The Hierarchy of Missingness, DK, and Substantive Responses

Besides missingness, the proposed modeling above can be extended to deal with DK responses. When missingness and DK coexist in response patterns, the latter could be regarded as measuring a construct of knowledge level toward the item content. In this study, a hierarchical mental process in responding to an item was hypothesized based on literature review. First, a respondent decides whether to give a response. If the answer is no, then the response is missing. If the answer is yes, then the respondent proceeds to the second step to decide which option to endorse. Below, the authors describe such a hierarchy among missingness, DK, and substantive responses.

It is important to ascertain whether DK shares the same mental process as the missingness mechanism so that DK can be treated as missing data. The answer is probably “no.” Missingness could result from lacking interest, purposely skipping, or refusing to answer. If respondents lack interest in the questionnaire, they would probably ignore the questions without reading them carefully. When questions are too sensitive, respondents may purposely skip them or refuse to express their opinions. When respondents decide to answer a question, the following four steps may be involved (Tourangeau, 1984): (a) interpreting the question and activating relevant attitude, (b) retrieving an overall summary of knowledge, (c) rendering a judgment from the retrieved knowledge, and (d) mapping the judgment onto one of the response options. If respondents cannot accomplish the first two steps, they would tend to choose DK (Krosnick, 2002). The third and final processes are related to substantive responses. To sum up, it seems that the missingness mechanism precedes the mental process of DK, followed by that for substantive response processes.

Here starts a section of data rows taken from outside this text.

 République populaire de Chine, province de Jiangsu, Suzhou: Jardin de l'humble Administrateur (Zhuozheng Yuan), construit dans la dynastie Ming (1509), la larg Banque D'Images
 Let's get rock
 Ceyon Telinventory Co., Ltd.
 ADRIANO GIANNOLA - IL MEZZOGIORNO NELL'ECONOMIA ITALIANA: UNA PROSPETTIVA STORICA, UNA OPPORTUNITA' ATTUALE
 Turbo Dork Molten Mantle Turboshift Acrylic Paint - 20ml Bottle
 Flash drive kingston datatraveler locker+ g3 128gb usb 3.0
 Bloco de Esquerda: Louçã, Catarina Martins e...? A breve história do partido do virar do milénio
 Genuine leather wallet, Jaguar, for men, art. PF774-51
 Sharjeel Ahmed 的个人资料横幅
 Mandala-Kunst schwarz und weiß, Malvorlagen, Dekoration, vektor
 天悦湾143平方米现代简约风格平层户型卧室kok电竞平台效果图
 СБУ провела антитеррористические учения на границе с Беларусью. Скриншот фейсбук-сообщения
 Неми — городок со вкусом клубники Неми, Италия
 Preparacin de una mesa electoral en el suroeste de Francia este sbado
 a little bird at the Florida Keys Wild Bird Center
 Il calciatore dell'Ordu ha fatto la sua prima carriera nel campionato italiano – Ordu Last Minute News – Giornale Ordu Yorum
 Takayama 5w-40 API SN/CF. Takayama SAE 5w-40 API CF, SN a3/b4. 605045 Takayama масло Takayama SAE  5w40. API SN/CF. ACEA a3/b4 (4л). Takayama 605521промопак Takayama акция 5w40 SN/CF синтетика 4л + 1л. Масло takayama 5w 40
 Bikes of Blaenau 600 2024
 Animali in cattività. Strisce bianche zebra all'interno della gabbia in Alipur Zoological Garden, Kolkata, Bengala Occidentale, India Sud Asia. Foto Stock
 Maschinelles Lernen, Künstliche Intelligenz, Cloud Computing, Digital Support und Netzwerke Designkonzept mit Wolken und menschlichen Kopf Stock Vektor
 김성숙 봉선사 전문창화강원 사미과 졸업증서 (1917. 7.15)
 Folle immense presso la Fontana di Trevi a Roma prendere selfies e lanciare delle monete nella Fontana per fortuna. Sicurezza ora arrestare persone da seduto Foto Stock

Figure 1 summarizes the hypothetical hierarchy of missingness, DK, and substantive responses, and their corresponding IRT models, where circles denote latent variables and squares denote observed responses. The first process involves the missingness mechanism, in which a respondent decides whether to respond to an item. Let 1 − Pr(θ^(P)) denote the probability of missing an item for a person with a propensity of θ^(P). When a respondent decides to respond, with a probability of Pr(θ^(P)), it comes to the second process of knowledge evaluation, in which the respondent searches relevant knowledge to understand the item. If not successful, the respondent would give DK with a probability of 1 − Pr(θ^(DK)); if not, there is a probability of Pr(θ^(DK)) to move to the third process of attitude mapping, in which the respondent maps his or her attitude to one of the given substantive options (e.g., strongly agree, agree, disagree, and strongly disagree) with a probability of Pr(z|θ), where z is a realized value. The item thresholds of missingness and DK are denoted as b^(P) and b^(DK), and interpreted as the missingness propensity and item ambiguity, respectively.

Figure 1.

Hypothetical hierarchy of missingness, “don’t know,” and substantive responses, and their corresponding probabilities.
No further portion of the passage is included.